Another thing to consider: with fields split into multiple bit ranges, there does not exist one canonical declaration for the operand. There are instead multiple "declarations", but to even determine the size of an operand you have to take all of them into account. Just looking at the first one (which is all XText resolves references to) will not necessarily tell you what the highest bit index is. The current system is akin to omitting the type specifier of variable declarations and statically deriving their type based on how they are used. "Oh, you're passing this variable to a function that expects an int?
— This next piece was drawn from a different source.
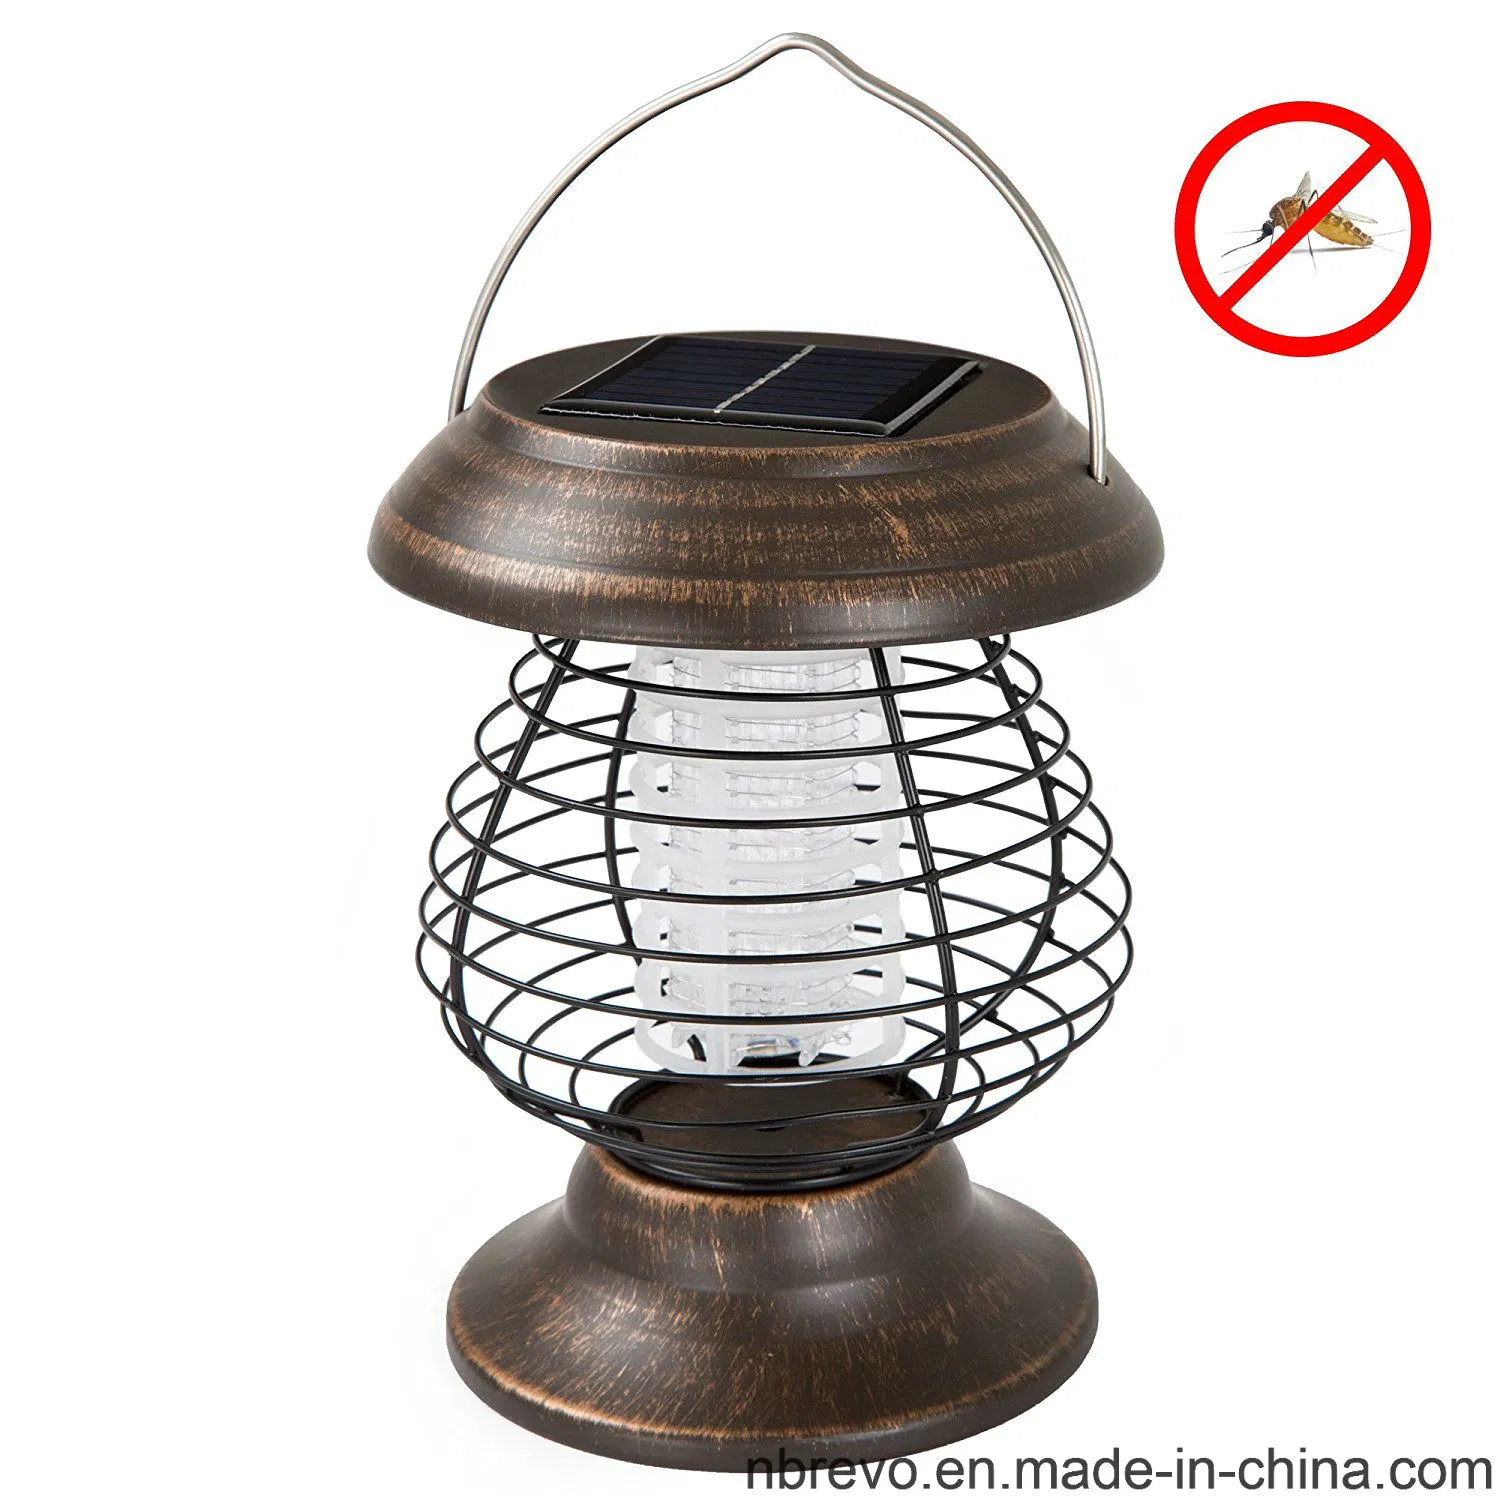 Solar Powered UV LED Garden Mosquito Killer Lamp (RS500)

Then it must be an int."

I simply think that all of this ends up unnecessarily increasing the cognitive load, and as an implementor I'd much rather type the few characters to make things explicit instead of juggling all of these considerations in my head all the time. A very real possibility I see with the current situation is that implementors will start adding comments describing the width of operands like this, because it is entirely unreasonable to expect someone looking at the code to immediately grasp how large an operand is. And at this point they might as well just write a proper declaration.

image

image


And in addition, from an implementation perspective it means that BitField no longer needs to be a NamedEntity. This might seem insignificant, but it really is a huge deal.

Is there a way to reap these benefits with the existing syntax? Something like, in the context of the encoding token, ID '[' INT ':' INT ']' is a declaration?

There might be, I'll have to look into that.

jopperm commented 1 year ago

Insights from offline discussion:

Nevertheless, we decided to postpone this addition to the next language version.